YOUR ASSIGNMENT: An exact reproduction of all the entries is what the answer must contain.

(Saved entries)

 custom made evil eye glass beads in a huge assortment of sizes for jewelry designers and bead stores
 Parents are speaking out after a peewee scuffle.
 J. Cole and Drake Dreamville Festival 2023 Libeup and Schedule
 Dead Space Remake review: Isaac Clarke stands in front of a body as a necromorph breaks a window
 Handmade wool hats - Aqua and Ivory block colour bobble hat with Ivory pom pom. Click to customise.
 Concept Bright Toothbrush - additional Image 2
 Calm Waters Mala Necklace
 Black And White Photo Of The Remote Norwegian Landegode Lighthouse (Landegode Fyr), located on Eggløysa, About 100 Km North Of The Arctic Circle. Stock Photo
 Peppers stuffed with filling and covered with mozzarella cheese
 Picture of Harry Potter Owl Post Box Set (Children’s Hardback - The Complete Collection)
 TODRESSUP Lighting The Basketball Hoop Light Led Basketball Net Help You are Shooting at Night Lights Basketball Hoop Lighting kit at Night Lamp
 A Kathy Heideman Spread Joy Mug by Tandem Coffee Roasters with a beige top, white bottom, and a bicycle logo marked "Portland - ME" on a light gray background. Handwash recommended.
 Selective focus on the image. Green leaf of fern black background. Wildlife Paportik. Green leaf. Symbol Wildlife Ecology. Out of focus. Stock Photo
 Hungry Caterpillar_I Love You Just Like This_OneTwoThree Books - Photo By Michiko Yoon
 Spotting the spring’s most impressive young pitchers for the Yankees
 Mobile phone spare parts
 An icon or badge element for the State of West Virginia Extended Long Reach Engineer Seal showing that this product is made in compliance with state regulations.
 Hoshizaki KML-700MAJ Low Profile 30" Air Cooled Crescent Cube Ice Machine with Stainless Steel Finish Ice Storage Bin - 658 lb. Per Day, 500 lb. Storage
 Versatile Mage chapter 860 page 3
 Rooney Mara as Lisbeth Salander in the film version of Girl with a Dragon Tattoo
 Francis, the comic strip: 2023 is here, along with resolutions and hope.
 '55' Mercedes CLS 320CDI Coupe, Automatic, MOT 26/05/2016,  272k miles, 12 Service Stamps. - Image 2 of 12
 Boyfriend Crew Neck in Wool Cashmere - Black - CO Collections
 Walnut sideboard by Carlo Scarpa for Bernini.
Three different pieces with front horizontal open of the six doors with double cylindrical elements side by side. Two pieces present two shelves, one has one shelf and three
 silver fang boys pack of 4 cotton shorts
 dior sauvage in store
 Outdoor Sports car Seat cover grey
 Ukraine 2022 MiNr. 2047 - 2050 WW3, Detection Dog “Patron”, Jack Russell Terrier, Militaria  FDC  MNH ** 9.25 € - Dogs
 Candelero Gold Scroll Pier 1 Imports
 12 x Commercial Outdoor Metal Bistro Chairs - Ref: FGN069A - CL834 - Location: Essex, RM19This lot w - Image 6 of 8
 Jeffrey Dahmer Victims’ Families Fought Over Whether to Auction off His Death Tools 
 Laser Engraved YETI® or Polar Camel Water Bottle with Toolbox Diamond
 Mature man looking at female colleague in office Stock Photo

TASK RESPONSE:
 custom made evil eye glass beads in a huge assortment of sizes for jewelry designers and bead stores
 Parents are speaking out after a peewee scuffle.
 J. Cole and Drake Dreamville Festival 2023 Libeup and Schedule
 Dead Space Remake review: Isaac Clarke stands in front of a body as a necromorph breaks a window
 Handmade wool hats - Aqua and Ivory block colour bobble hat with Ivory pom pom. Click to customise.
 Concept Bright Toothbrush - additional Image 2
 Calm Waters Mala Necklace
 Black And White Photo Of The Remote Norwegian Landegode Lighthouse (Landegode Fyr), located on Eggløysa, About 100 Km North Of The Arctic Circle. Stock Photo
 Peppers stuffed with filling and covered with mozzarella cheese
 Picture of Harry Potter Owl Post Box Set (Children’s Hardback - The Complete Collection)
 TODRESSUP Lighting The Basketball Hoop Light Led Basketball Net Help You are Shooting at Night Lights Basketball Hoop Lighting kit at Night Lamp
 A Kathy Heideman Spread Joy Mug by Tandem Coffee Roasters with a beige top, white bottom, and a bicycle logo marked "Portland - ME" on a light gray background. Handwash recommended.
 Selective focus on the image. Green leaf of fern black background. Wildlife Paportik. Green leaf. Symbol Wildlife Ecology. Out of focus. Stock Photo
 Hungry Caterpillar_I Love You Just Like This_OneTwoThree Books - Photo By Michiko Yoon
 Spotting the spring’s most impressive young pitchers for the Yankees
 Mobile phone spare parts
 An icon or badge element for the State of West Virginia Extended Long Reach Engineer Seal showing that this product is made in compliance with state regulations.
 Hoshizaki KML-700MAJ Low Profile 30" Air Cooled Crescent Cube Ice Machine with Stainless Steel Finish Ice Storage Bin - 658 lb. Per Day, 500 lb. Storage
 Versatile Mage chapter 860 page 3
 Rooney Mara as Lisbeth Salander in the film version of Girl with a Dragon Tattoo
 Francis, the comic strip: 2023 is here, along with resolutions and hope.
 '55' Mercedes CLS 320CDI Coupe, Automatic, MOT 26/05/2016,  272k miles, 12 Service Stamps. - Image 2 of 12
 Boyfriend Crew Neck in Wool Cashmere - Black - CO Collections
 Walnut sideboard by Carlo Scarpa for Bernini.
Three different pieces with front horizontal open of the six doors with double cylindrical elements side by side. Two pieces present two shelves, one has one shelf and three
 silver fang boys pack of 4 cotton shorts
 dior sauvage in store
 Outdoor Sports car Seat cover grey
 Ukraine 2022 MiNr. 2047 - 2050 WW3, Detection Dog “Patron”, Jack Russell Terrier, Militaria  FDC  MNH ** 9.25 € - Dogs
 Candelero Gold Scroll Pier 1 Imports
 12 x Commercial Outdoor Metal Bistro Chairs - Ref: FGN069A - CL834 - Location: Essex, RM19This lot w - Image 6 of 8
 Jeffrey Dahmer Victims’ Families Fought Over Whether to Auction off His Death Tools 
 Laser Engraved YETI® or Polar Camel Water Bottle with Toolbox Diamond
 Mature man looking at female colleague in office Stock Photo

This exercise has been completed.